Out of all the shifts we’re seeing in the publishing industry this year, it is the drop in academic publishing by women that is perhaps the most disheartening. With stay-at-home and quarantine orders resuming this fall as the virus spikes, academics are openly commenting about how few papers they’re seeing from women, particularly in relation to their male counterparts. An article in Nature says, “Female faculty, on average, shoulder more teaching responsibilities, so the sudden shift to online teaching — and the curriculum adjustments that it requires — disproportionately affects women.”

Andy Casey, an astrophysics research fellow at Monash University, said, “Astrophysics is one field in which COVID-19 seems to be having a disproportionate effect on female academics.” Casey compared data from January to April in 2020 to the same time period in previous years, noting “perhaps up to 50 percent more productivity loss among women.” Two separate analyses show that women’s posting rate on preprint servers has slowed during the pandemic. And, when compared with the same time frame in 2019, data shows the number of male authors on preprints has grown significantly faster than their female counterparts.

Co-editor of Comparative Political Studies David Samuels noted that while the number of submissions from women academics was the same this year, submissions from men increased by 50% during the pandemic. It seems that the pandemic exacerbated a problem we already knew we had. Inside Higher Ed reported, “Female academics as a group, also struggled more … than men and are less protective of their research time to their detriment.” COVID-19 eliminated many of the safety nets, such as daycare and brick-and-mortar education, that female academics had in place to help them juggle all of these demands.

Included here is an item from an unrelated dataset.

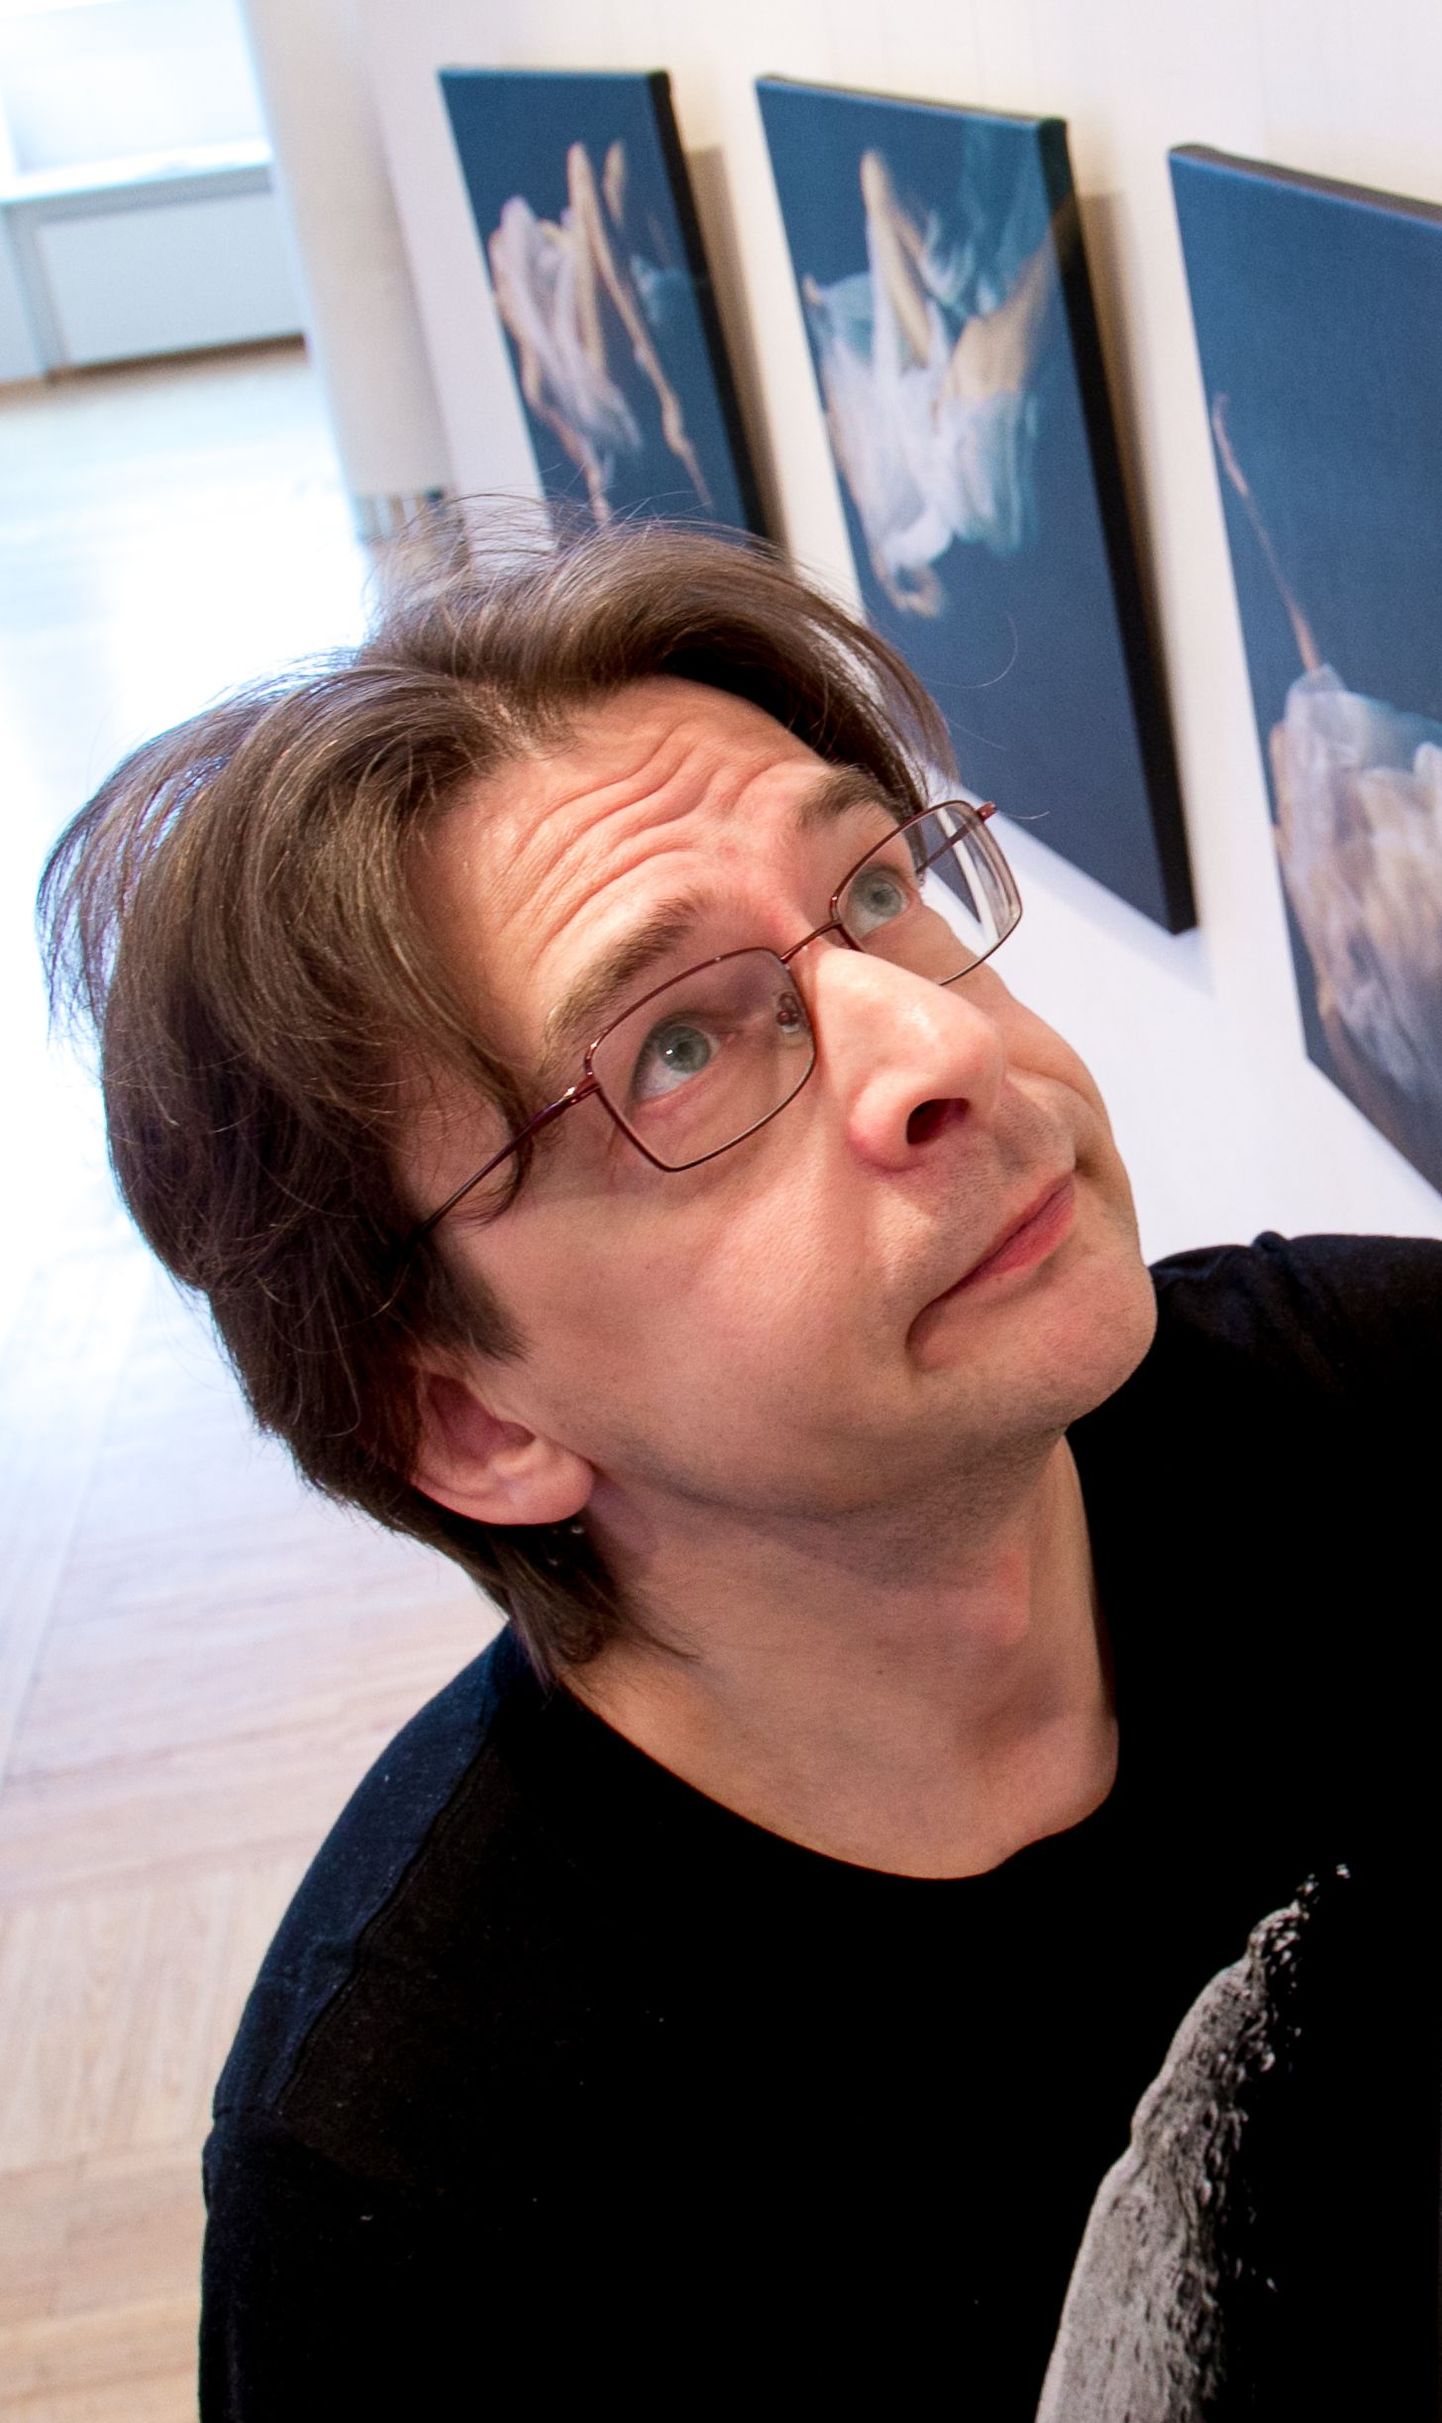 Andres Adamson on üks auhinnatumaid fotograafe Pärnumaal.

Opportunity: Data sharing in scholarly publishing

Research data is getting a lot of attention this year, creating a great opportunity for data sharing. There has been a call within the industry to focus on research data that is FAIR — Findable, Accessible, Interoperable, and Reusable. The FAIR framework allows for common consensus on how to share data, but lacks the ability to define what to share. The Scholarly Kitchen suggests a consistent methodology for identifying the datasets for peer-reviewed publications; simply put, publication can be withheld until the appropriate data has been shared.

Opportunity: AI enters the publishing space

Publishers are using artificial intelligence (AI) in the publishing process to reduce costs and improve the peer review process. AI algorithms in software can flag quality issues with a study by assessing the consistency of the author’s reporting data and compliance with statistical methods. An AI also could use text analysis to identify and extract phrases and statements that identify key claims from the study. These tools can detect plagiarism or place the work in the context of prior published pieces for further analysis. In the future, look for AI technology to take on reviews of previously published research. Literature reviews are growing more difficult as the body of knowledge expands; an AI could make short work of a process that would take a human reviewer much longer to accomplish. AI could improve the peer review process as well by vetting the scientific performance of potential reviewers and even automate the invitation process.

There are limitations, however. As with any technology, it should be viewed as a tool to support the publishing process, not replace human insight and oversight.